Soleman Jehuda, Roth Jonathan, Ram Zvi, Yalon Michal, Constantini Shlomi
Departments of Neurosurgery and Pediatric Neurosurgery, Tel Aviv Medical Center & Dana Children's Hospital, 6 Weizmann Street, Tel Aviv, Israel.
Tel-Aviv University, Tel Aviv, Israel.
Childs Nerv Syst. 2017 Dec;33(12):2169-2175. doi: 10.1007/s00381-017-3566-z. Epub 2017 Aug 14.
Incidental findings on neuroimaging in the pediatric population are an emerging treatment challenge. Treatment options for these incidental childhood brain mass lesions, which radiologically may be assumed to be low-grade gliomas (LGG), vary, ranging from careful conservative "wait and scan" treatment to surgical biopsy, gross total resection, and upfront radiation and/or chemotherapy. As malignant transformation of LGG in children is extremely rare, some series advocate careful conservative management of these lesions; however, universal treatment protocols are not totally agreed upon.
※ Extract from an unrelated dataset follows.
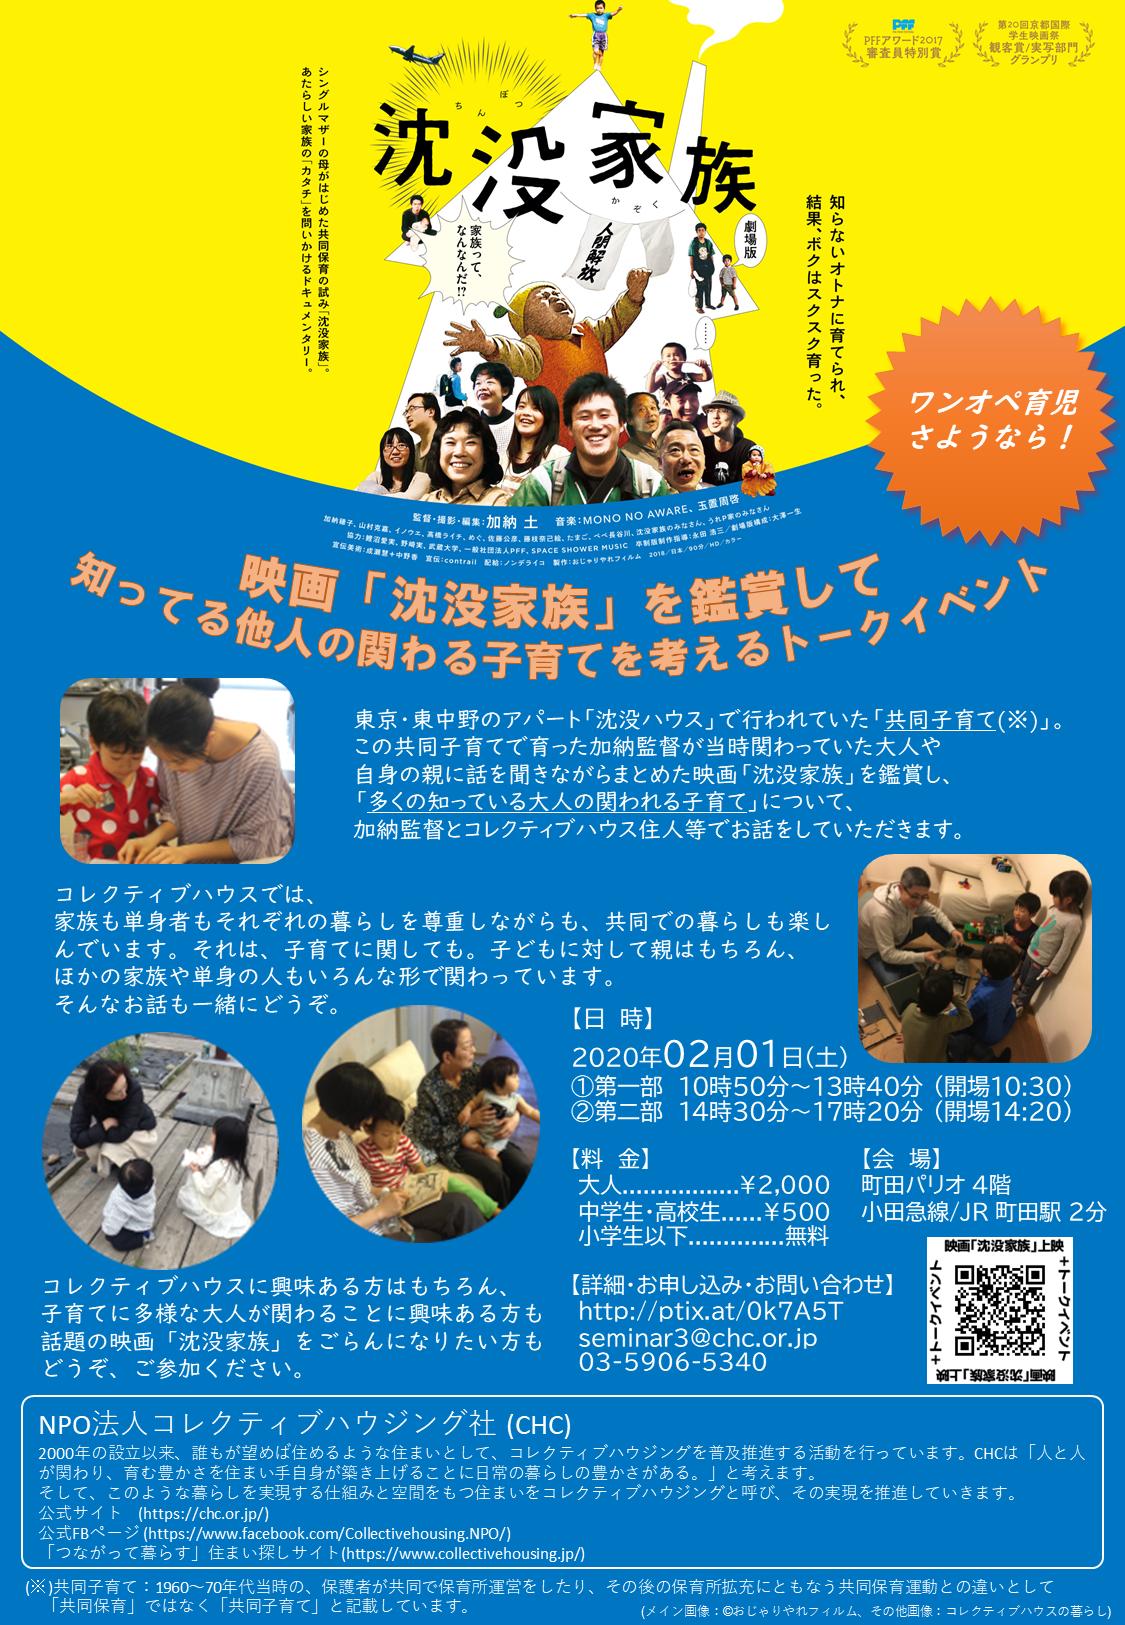 (2020/2/1)『映画「沈没家族」を鑑賞して知ってる他人の関わる子育てを考えるトークイベント』を開催します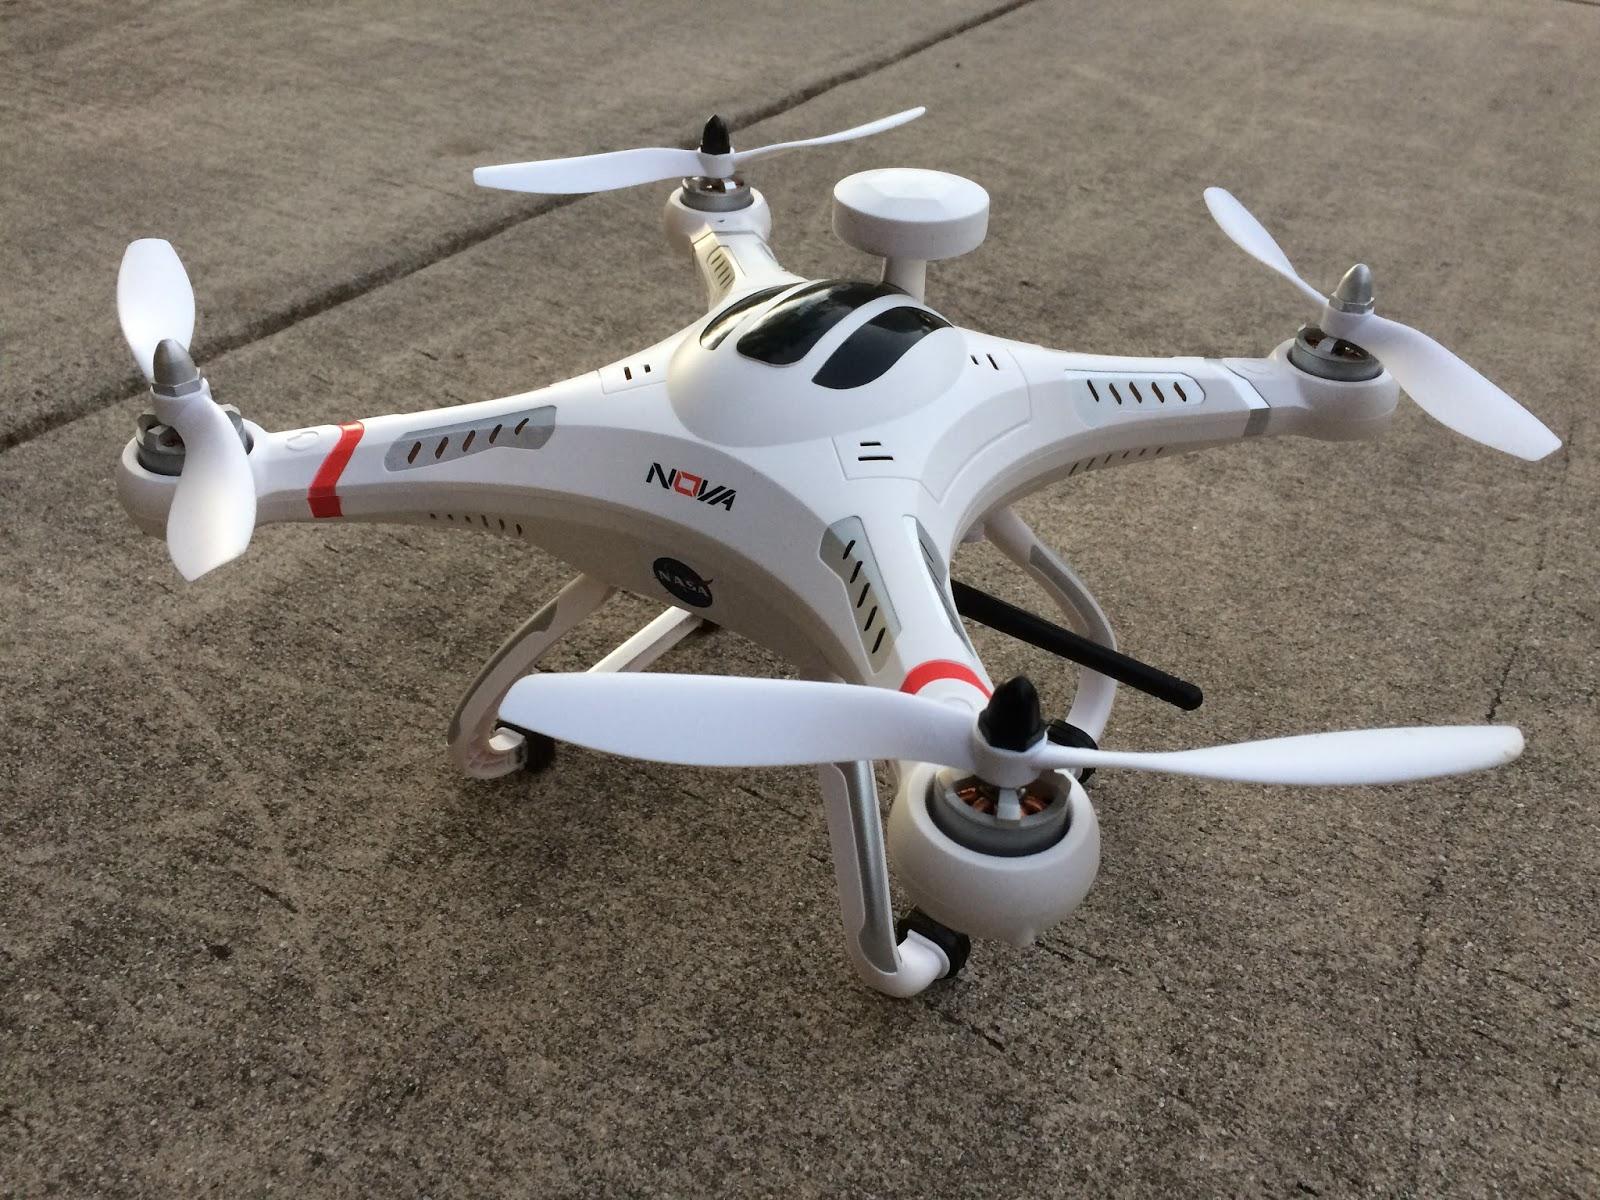 Quadcopter-Robotics: Successful Nova-360 (2017) Flight

We present the case of a 10-year-old boy with a fronto-basal incidental cerebral mass lesion, suspected to be a low-grade glial neoplasm. Initially, magnetic resonance imaging (MRI) was done to rule out a pathology causing his growth to be delayed. A treatment with growth hormone was initiated. After close clinical and radiological follow-up of this asymptomatic lesion for 6 years, a minimal growth of the lesion was seen, which we decided to continue following. After 7 years, a clear growth with new contrast enhancement was seen on routine MRI. At this point, the lesion was surgically resected. The diagnosis was, surprisingly, glioblastoma multiforme (WHO grade IV, BRAF V-600E mutation).
Malignant transformation of LGGs in children is a very rare phenomenon. This is to our knowledge the first well-documented case describing malignant transformation of a suspected benign pediatric cerebral mass lesion, which did not undergo radiation, in a patient without a cancer predisposition syndrome (e.g., neurofibromatosis), with the transformation occurring after such a long follow-up period. The management of these lesions is still controversial. Unfortunately, radiological risk factors for malignant transformation of such lesions in the pediatric age group are lacking.
Conservative treatment of incidental cerebral mass lesions in children seems a valid option. These lesions should probably be followed indefinitely, while carefully watching for changes in imaging characteristics.
儿科人群神经影像学检查中的偶然发现是一个新出现的治疗挑战。这些偶然发现的儿童脑内肿块病变,放射学上可能被认为是低级别胶质瘤(LGG),其治疗选择各不相同,从谨慎的保守“观察与扫描”治疗到手术活检、全切除以及早期放疗和/或化疗。由于儿童LGG的恶性转化极为罕见,一些系列研究主张对这些病变进行谨慎的保守处理;然而,尚未完全达成普遍适用的治疗方案。
我们报告一例10岁男孩,其额底部偶然发现脑内肿块病变,怀疑为低级别胶质肿瘤。最初,进行磁共振成像(MRI)以排除导致其生长发育迟缓的病理情况,并开始使用生长激素治疗。对这个无症状病变进行密切的临床和影像学随访6年后,发现病变仅有微小生长,我们决定继续观察。7年后,常规MRI显示病变明显生长并出现新的强化。此时,对病变进行了手术切除。令人惊讶的是,诊断为多形性胶质母细胞瘤(世界卫生组织IV级,BRAF V - 600E突变)。
儿童LGG的恶性转化是一种非常罕见的现象。据我们所知,这是首例有充分记录的病例,描述了在无癌症易患综合征(如神经纤维瘤病)的患者中,一个疑似良性的儿童脑内肿块病变在未接受放疗的情况下发生恶性转化,且这种转化发生在如此长的随访期之后。这些病变的处理仍存在争议。不幸的是,缺乏关于儿科年龄组此类病变恶性转化的放射学危险因素。
对儿童偶然发现的脑内肿块病变进行保守治疗似乎是一种有效的选择。这些病变可能需要长期随访,同时密切观察影像学特征的变化。